Well, you can't. The team has nothing in place to telecast games locally on either over-the-air, cable or satellite channels.
You can, however, watch some games on your computer. The Bees are linked to MiLB.com, which carries hundreds of games from dozens of minor-league teams across the country.
It's not particularly expensive, as these things go. It's $29.95 for the entire baseball season, or $6.95 a month.
But there aren't all that many Bees games on MiLB.com, either. After this weekend's series at Sacramento (which includes games today, Saturday and Sunday), there are only eight more games scheduled on the service. That's four more games at Sacramento (July 28-31) and four games at Oklahoma City (Aug. 14-17).

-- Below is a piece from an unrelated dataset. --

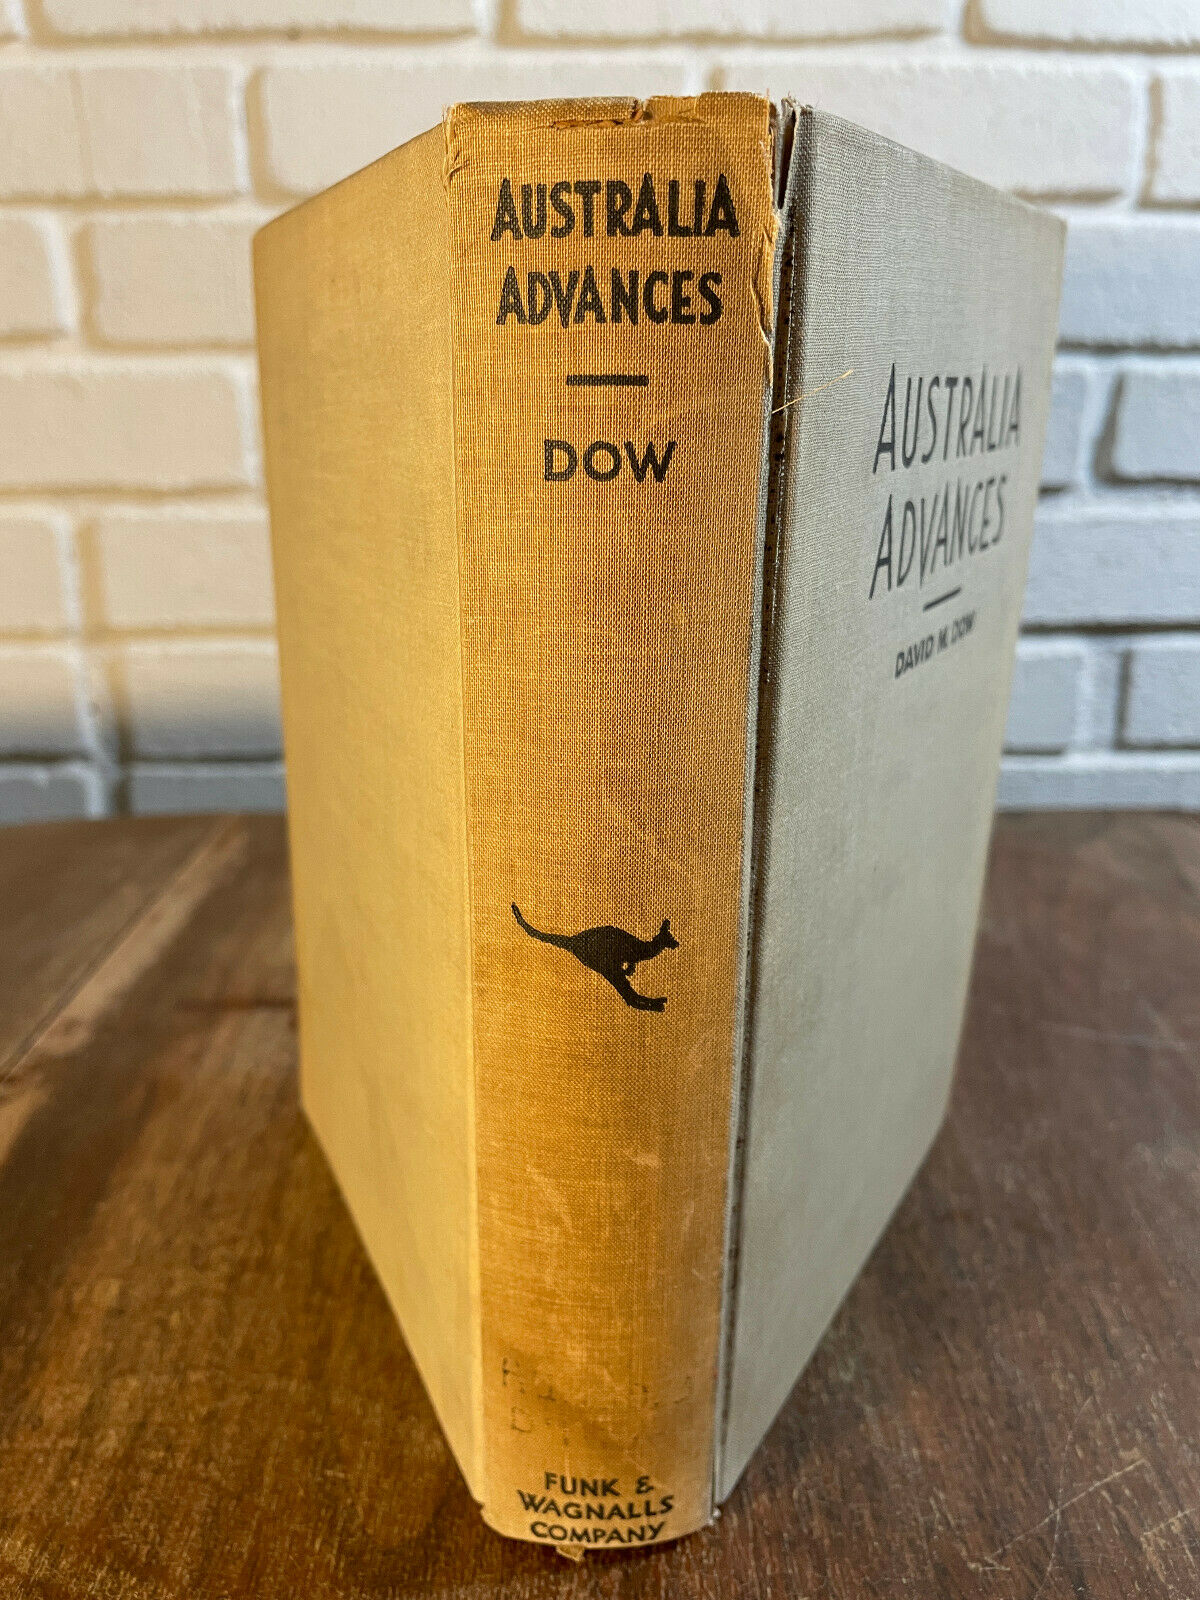 Australia Advances by David M. Dow 1st Edition 1938 (W3)

If you really like minor league baseball, there are a whole lot of games to see on MiLB.com. If you really like the Salt Lake Bees, not so many. Whether you want to pay a few bucks to watch the Bees play a few games on an Internet feed is up to you.
Or you can always listen to Steve Klauke, who does a great job as the radio voice of the Bees, on KJQS-AM 1230 (aka ESPN Radio).
I HAD A VOICE MAIL message a while back from John Shrader.
Yeah, I had to look that one up myself because I had no idea who John Shrader was. Turns out he's the San Jose Earthquakes' play-by-play guy who I ripped in a column a couple of weeks ago.
Not surprisingly, he wasn't happy that I had written unfavorably about him. I certainly never expected him to agree with my comments.
And, after hearing the main reason he said he'd called, I didn't exactly feel bad about my harsh critique. Shrader was unhappy that I didn't call him and get his side of the story before I wrote my column.
Geez, has the guy never read a newspaper before? He's in the media and yet completely unfamiliar with how this works?
I am not a reporter. I write an opinion column. My opinion. I think I'm fair, but my job is not to tell you why something is good or bad and then offer contrasting opinions.
If it makes Shrader feel any better, I don't call actors whose performances I pan before I print those reviews, either. Duh.
Do Shrader and the "analyst" he shares the broadcast booth with, Troy Dayak, check with the players on the field before they critique their performance? Of course not. I'm only guessing, but I think they'd say that was a stupid idea.
Do the people who write nasty comments about my columns on our Web site check with me first? Of course not.
Geez, get over yourself.
(And, Mr. Shrader, I would have returned your call if I hadn't inadvertently deleted your voice mail. Sorry. My bad.)